Sexually Divergent Role of Germ Cells in Mammalian Gonadogenesis

The formation of supporting “nurse” cells, Sertoli cells in the testis, and granulosa cells in the ovary is a defining event in gonadal sex differentiation. However, the contribution of germ cells to this process remains unclear. We generated NANOS3-null porcine fetuses to examine how germ cell loss influences gonadal development.
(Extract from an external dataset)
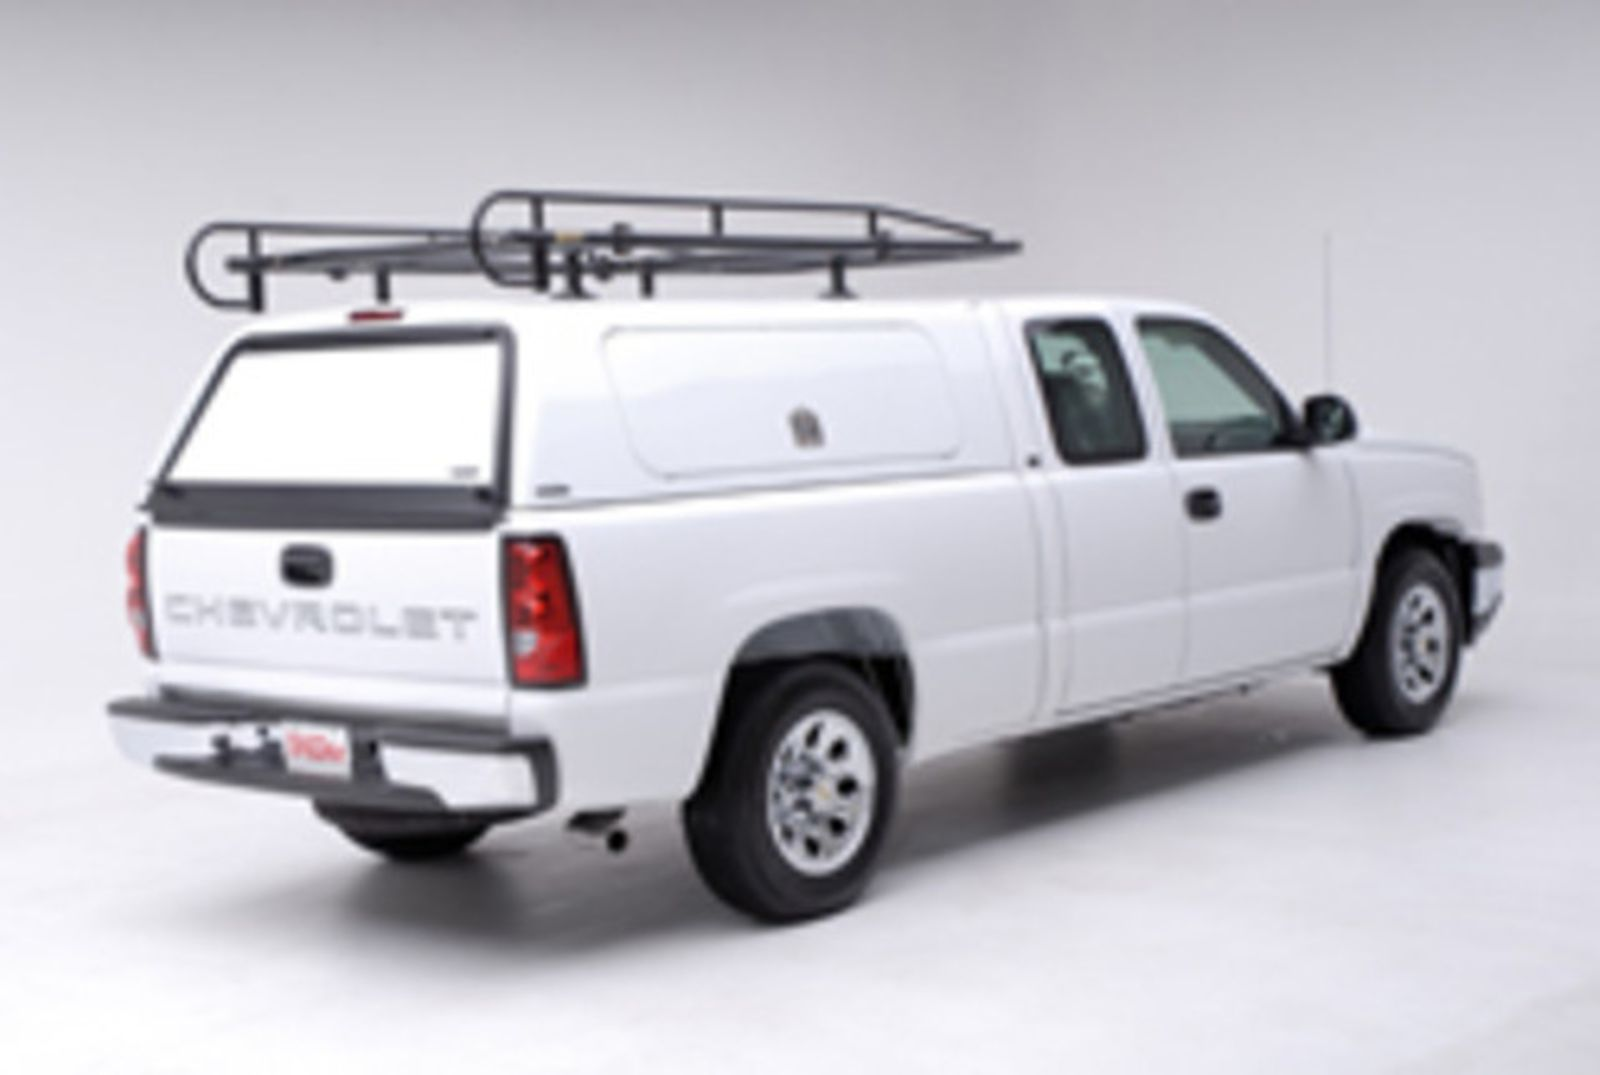 Dodge Dealer In Phoenix >> 2017 Ford Chevy Dodge Camper Shells Truck Toppers Truck Caps | Phoenix AZ 85019

Loss of NANOS3 did not impair primordial germ cell specification or migration but induced apoptosis and loss of pluripotency markers, resulting in complete germ cell depletion by embryonic day 35. Despite comparable gross morphology, NANOS3-null ovaries displayed disorganized cords, mesenchymal cell death, and arrested maturation of supporting cells, whereas testes maintained organized, non-lumenized cords with preserved architecture. Single-nucleus RNA sequencing and cell–cell communication analyses revealed sex-specific divergence in developmental trajectories. In the ovary, germ cells act as a critical source of BMP and WNT/RSPO signals that direct coelomic and supporting-cell differentiation; their absence led to abnormal expansion of immature supporting cells and failure to form pre-granulosa and thecal lineages. In contrast, testicular somatic populations expanded but retained identity through DHH, AMH, and PDGF/FGF signaling. Together, these findings uncover a germline-dependent program for ovarian differentiation and a germline-autonomous program for testicular development, highlighting intrinsic sexual divergence in mammalian gonadogenesis.